Mounted at /content/drive


# Load Data

In [4]:
# read data
df = pd.read_csv("/content/drive/My Drive/DLH Final Project/mimic3/NOTEEVENTS.csv")

  exec(code_obj, self.user_global_ns, self.user_ns)


# Data Preprocessing
Need to focus on 2 tables
1. NOTESEVENTS.csv
2. DIAGNOSES_ICD.csv

Join tables by <subject_id, hadm_id>

Construct 2 datasets from "TEXT" field in NOTESEVENTS.csv for each <subject_id, hadm_id> pair (i.e discharge summary for that admission.)

X1, y and X2, y
x1 = sequence of vectors from word2vec 
x2 = sequence of vectors from tf-idf
y = list of icd codes for <subject_id, hadm_id> i.e. diagnosis maded in ICU admission.

Need to focus on 50 and 100 most commonly diagnosed diseases.

Use NLTK + MetaMap to extract only the symptom related entities (how to use MetaMap is unknown atm.)

Filter out sections in discharge summaries that are related to symptoms only, ignore others to speed up things.

Negative filters (e.g. "no sign of breath problem").

Generate Word2Vec embeddings (currently using Gensim) using "TEXT".
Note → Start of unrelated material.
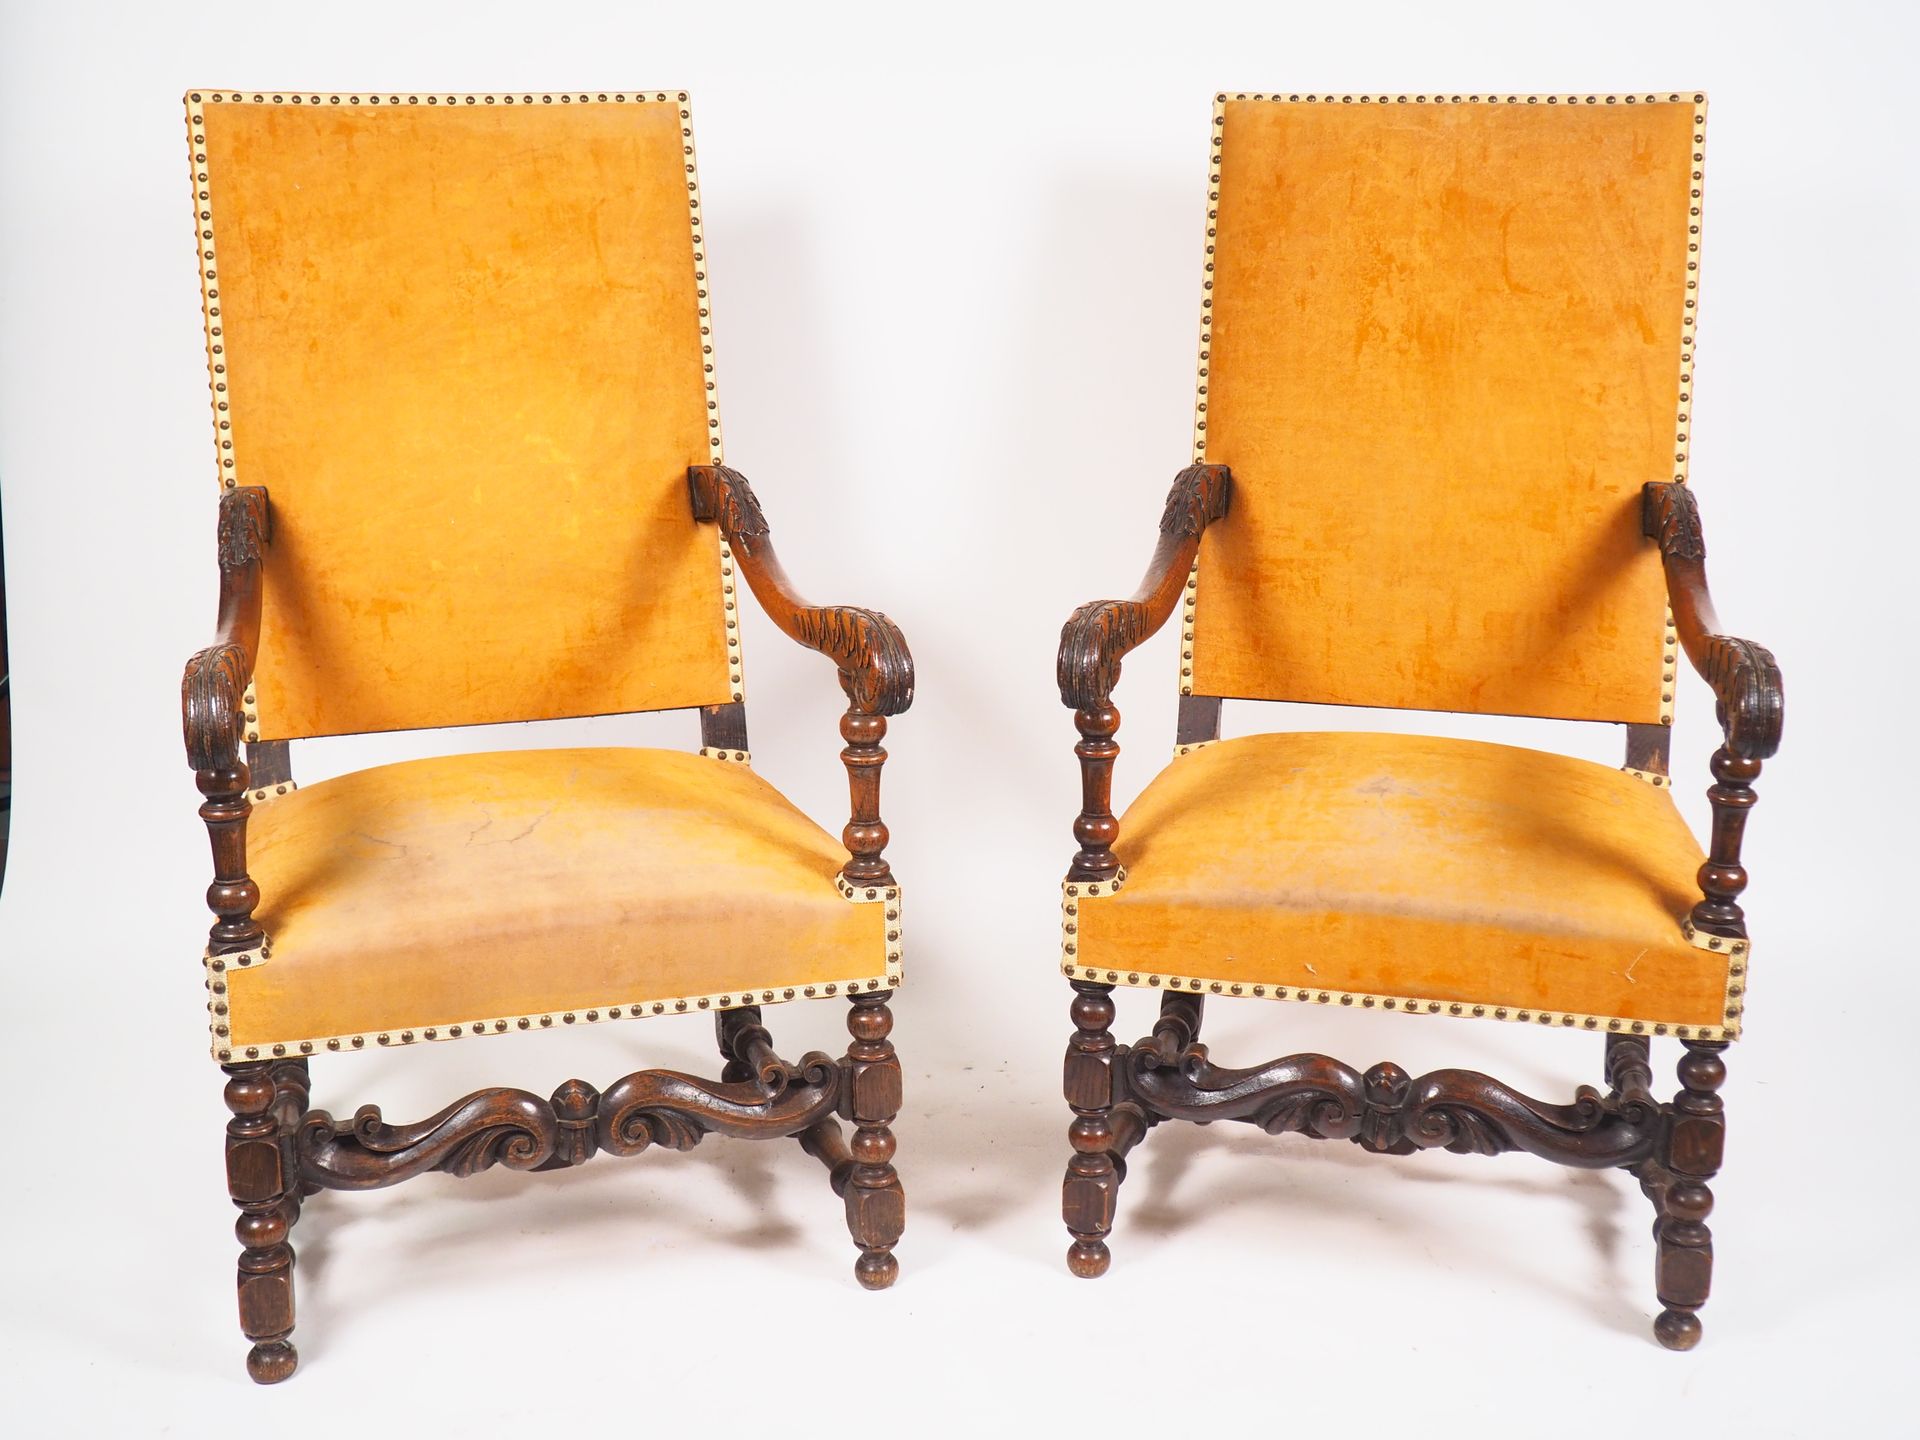 Null 一对路易十三时期的扶手椅，模制和雕刻的木头，橙色天鹅绒装饰。

Generate TF-IDF vector for each symptom entity.

Generate multi-hot encoding for y


## Utility Routines For Data Processing

In [5]:
import re
import nltk

from nltk.corpus import stopwords
nltk.download('stopwords')

eng_stop_words =  stopwords.words('english')
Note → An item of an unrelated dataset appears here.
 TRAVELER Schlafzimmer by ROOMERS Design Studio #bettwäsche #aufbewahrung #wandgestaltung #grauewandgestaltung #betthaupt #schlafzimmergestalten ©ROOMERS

class MySentences(object):
    def __init__(self, dframe):
        self.dframe = dframe
    
    # TODO: Keeping only alpha numeric characters and spaces for now.
    # need to make this better. Find some good libraries.
    def sanitize_text(self, text):
      test = text.strip()
      text = re.sub(r'\s\s+', ' ', text)
      text = re.sub(r'[^a-zA-z0-9\/\.\?\!\s;,\'\-]', '', text)
      text = re.sub(r'[\.\-\/\?\!;,]', ' ', text)
      text = re.sub(r'[\[\]]', '', text)
      return text

    # TODO: adding some basic checks again need to make it better.
    def sanitize_words(self, sentence):
      return [w for w in sentence if w not in eng_stop_words and not w.isdigit()]

    def __iter__(self):
        for idx in range(len(self.dframe)):
          text = self.sanitize_text(self.dframe["TEXT"][idx])
          yield self.sanitize_words(text.split())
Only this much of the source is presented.